Point-wise data classification as ON and OFF regarded as segments of force data through T-U-Net model showed the best results for 0.001 learning rate, 16 as filter size, moving window size of 224, and batch size of 128. The mean inference time was 0.24 s, and the minimum validation loss value occurred at epoch 27 (Figure S7a) was 0.1046 (training loss = 0.0853). fivefold cross-validation results showed a mean (SD) accuracy of 0.95 (0.01). Macro-AUC of ROC was 0.99 and when testing the model, accuracy was 0.95 (F1-score: 0.96 for class ON, and 0.95 for class OFF, weighted value = 0.95) (Table 1). Detailed results are illustrated in Figure S7, S8, S9, S10 (Supplementary Materials).

Table 1 Combined best modeling performances for SmartForceps Machine Learning pipeline.

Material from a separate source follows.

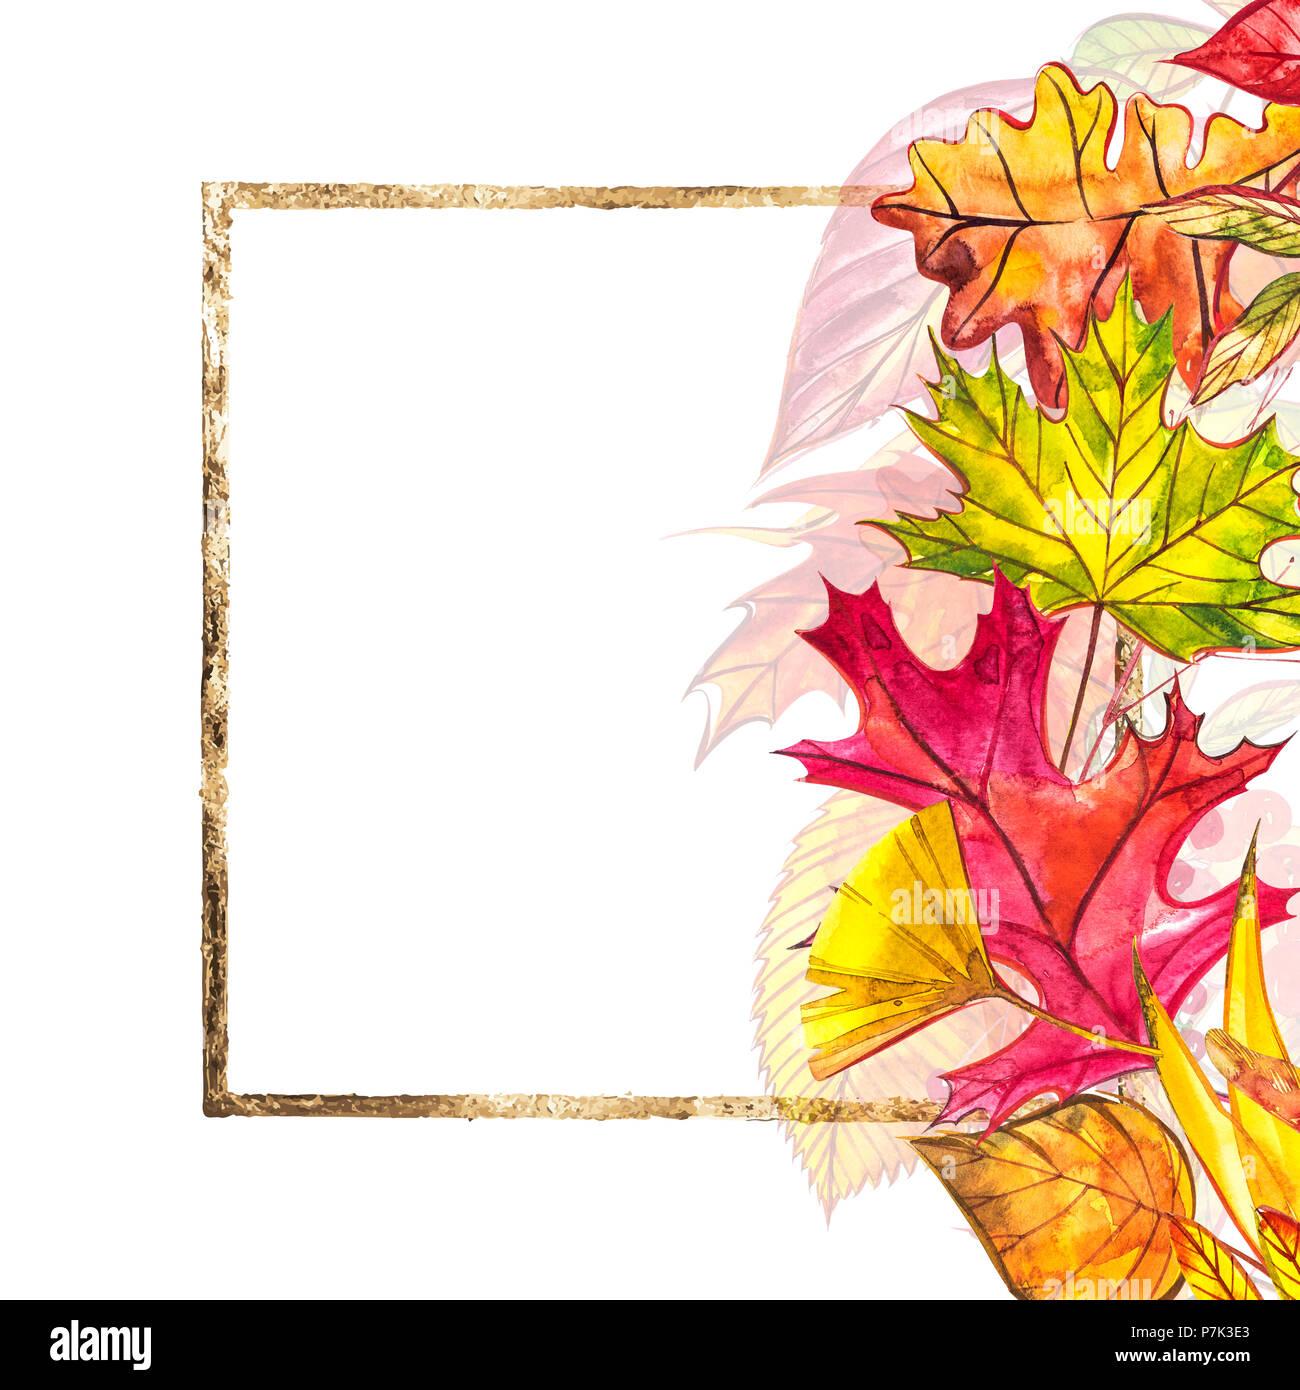 Herbst Vorlage Hintergrund. Saisonale Illustrationen. Web Banner ...
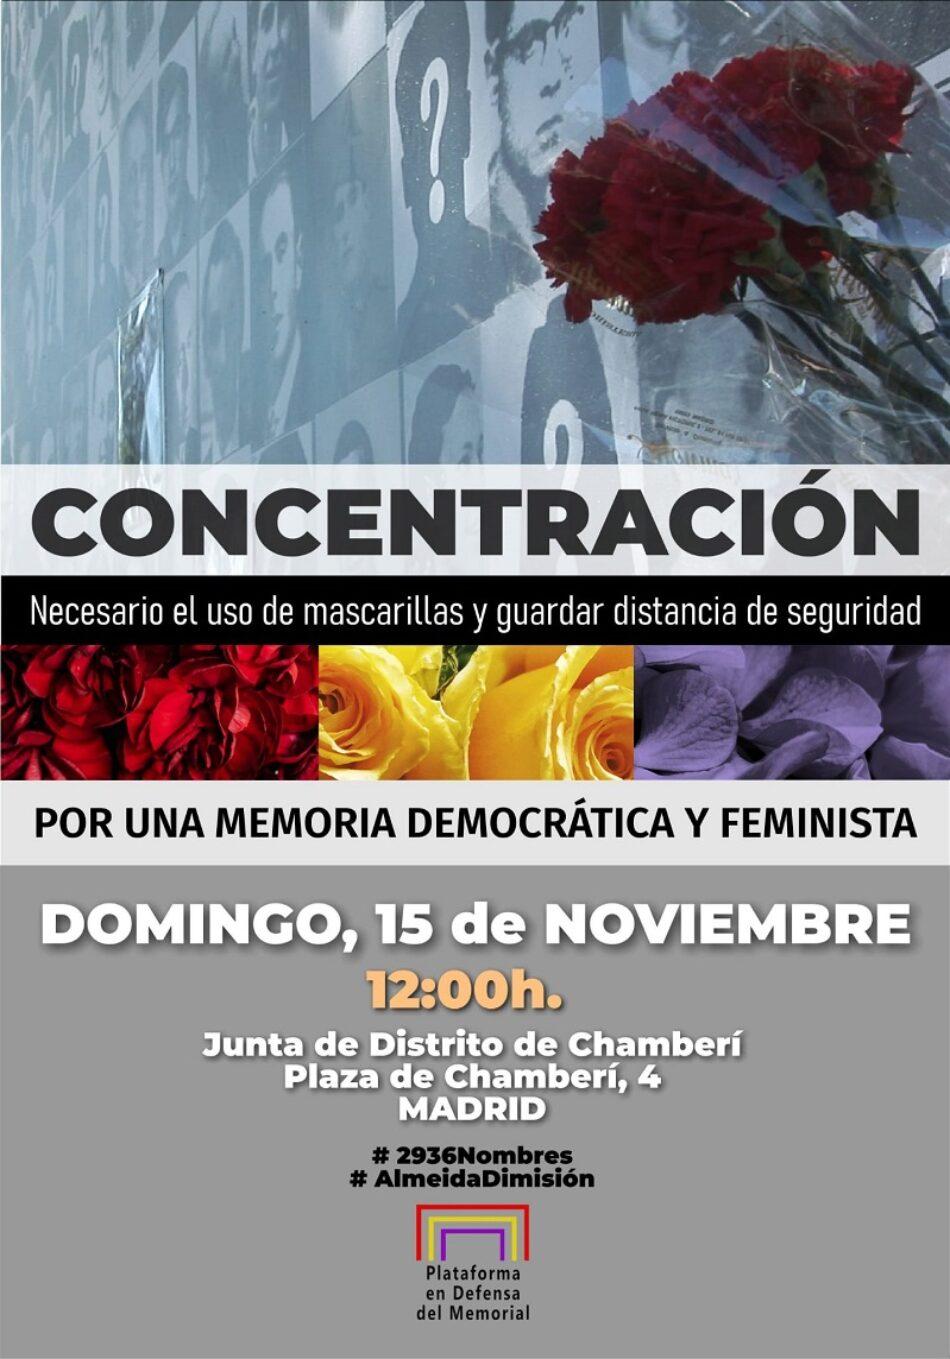 La Plataforma en Defensa del Memorial convoca concentración por una «Memoria Democrática y Feminista en el Ayuntamiento de Madrid»

Surgical skill classification

The overlapping distribution of features in Expert and Novice classes is an early sign for a sub-optimal performance of feature augmentation to the network (Fig. 2a). Time-series classification performed best in FTFIT with no hand-crafted features added to the network (AUC = 0.81; p value < 0.001) (Fig. 3a). The model was characterized by a learning rate of 0.001 and a network depth size of 6, moving window size of 200, and batch size of 128. Testing time for each sample occurred in an average of 0.24 s, and the model reached minimum validation loss at epoch 66 (out of 100 epochs) (validation loss = 0.5285 and training loss = 0.4841 (Figure S14a)). Macro-AUC of ROC was 0.81 and while testing the model for unseen instances of force data, the accuracy was 0.71 (mean (SD) value of fivefold cross-validated accuracy was 0.73 (0.03)) with F1-score of 0.71 in both Expert, and Novice classes (weighted value = 0.71) (Table 1). Detailed results are available in Figures S14, S15, S16, S17 (Supplementary Materials).

  1. (a)

    Skill classification model The figure shows the shape of standardized (Gaussian with zero mean and unit variance) data distribution for each skill, i.e., normal with a low tendency of negative skewness in Entropy, normal with a low tendency of positive skewness in Range Force, negative skewed in Heterogeneity, and positively skewed in Duration Force. In addition, a positive correlation in Stability vs. Range Force and a negative correlation in Entropy vs. Range Force and Stability vs. Entropy was observed. Note: data visualization was created after outlier removals of Z-score < 3 across the samples.

  2. (b)

    Task recognition model The shape of standardized data distribution for coagulation vs. other tasks, i.e., normal in Entropy, negatively skewed in Heterogeneity, and positively skewed in Duration Force and Range Force has been shown. In addition, a positive correlation was noted in Heterogeneity versus Range Force and a negative correlation in Entropy versus Range Force and Heterogeneity versus Entropy. Note: data visualization was created after outlier removals of Z-score < 3 across the samples.

Figure 2
figure 2

Correlation and distribution plots for standardized subset 1 hand-crafted features with their respective class labels used in the Skill Classification and Task Recognition models.

Figure 3
figure 3

Performance comparison between LSTM and FTFIT models with hand-crafted feature combinations in surgical skill prediction and task recognition. Different combinations of hand-crafted features, i.e., no feature, selected set of features identified through KNN and XGBoost feature importance ranking, and a subset of features (Duration Force, Range Force, Entropy, and Heterogeneity; which were consistent with the features presented in SmartForceps performance dashboard1) have been compared.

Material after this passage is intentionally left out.